Eukaryotic mutL and mutS homologues. Eukaryotic homologues of the Escherichia coli MutL and MutS mismatch repair (MMR) proteins form heterodimers that function in chromosomal synapsis, recombination and MMR (reviewed by Kunkel & Erie, 2005). Eukaryotes encode four mutL homologues: mlh1, pms1 (mlh2 in fungi), mlh3 and pms2 (pms1 in fungi). The MLH1/PMS2 (MutL-α) and MLH1/MLH3 (MutL-γ) heterodimers function in MMR and are also involved in meiotic recombination (Baker et al., 1996; Lipkin et al., 2002; Cannavo et al., 2005). The role of MLH1/PMS1 (MutL-β) in metazoan MMR is an enigma (Räschle et al., 1999), although a meiotic phenotype is evident in pms1 (i.e. mlh2) mutants in yeast (Wang et al., 1999). In Nasonia, there are two copies of mlh1 and single copies of pms1 and pms2 (Fig. 1, Fig. S4E). While mlh1 and pms2 are also present in all other arthropods, pms1 was likely lost prior to the divergence of Coleoptera and Diptera (and possibly in Ixodes). mlh3 is only found in Ixodes, Daphnia and Pediculus, indicating that this gene was lost early in arthropod evolution.

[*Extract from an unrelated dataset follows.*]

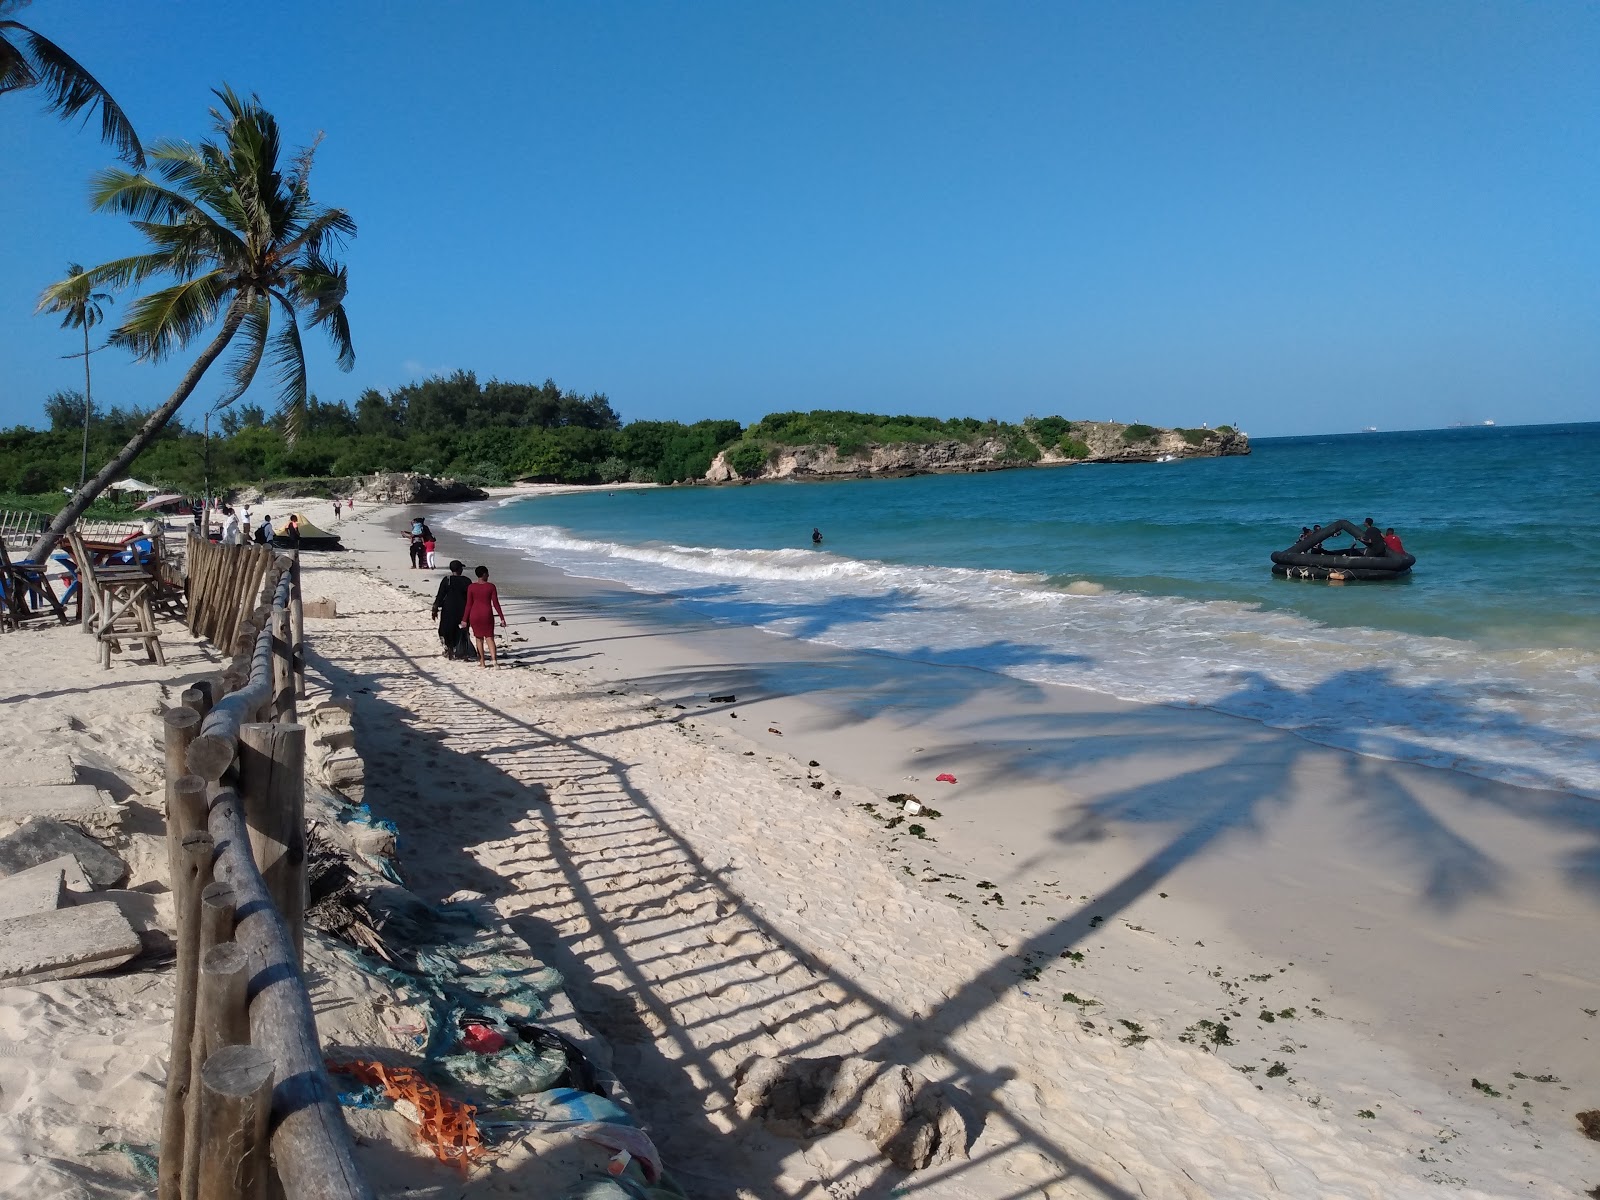 Fotografie cu Coco Beach - locul popular printre cunoscătorii de relaxare

Among mutS homologue heterodimers (reviewed by Jiricny, 2006), meiosis-specific MSH4/MSH5 recognizes Holliday junctions and stabilizes heteroduplex formation during meiotic crossing-over and recombination (Snowden et al., 2004). MSH4 has also been shown to interact with RAD51 and DMC1 in mammalian meiosis (Neyton et al., 2004). MSH2/MSH6 (MutSα) repairs short base-base mismatches and indels while MSH2/MSH3 (MutSβ) repairs longer mismatches. MSH6 also functions in repairing heteroduplex DNA during meiotic recombination in Drosophila (Radford et al., 2007) and MSH2 suppresses homeologous meiotic recombination in plants (Qin et al., 2002; Emmanuel et al., 2006). However, a role for MSH3 in meiosis has not been determined.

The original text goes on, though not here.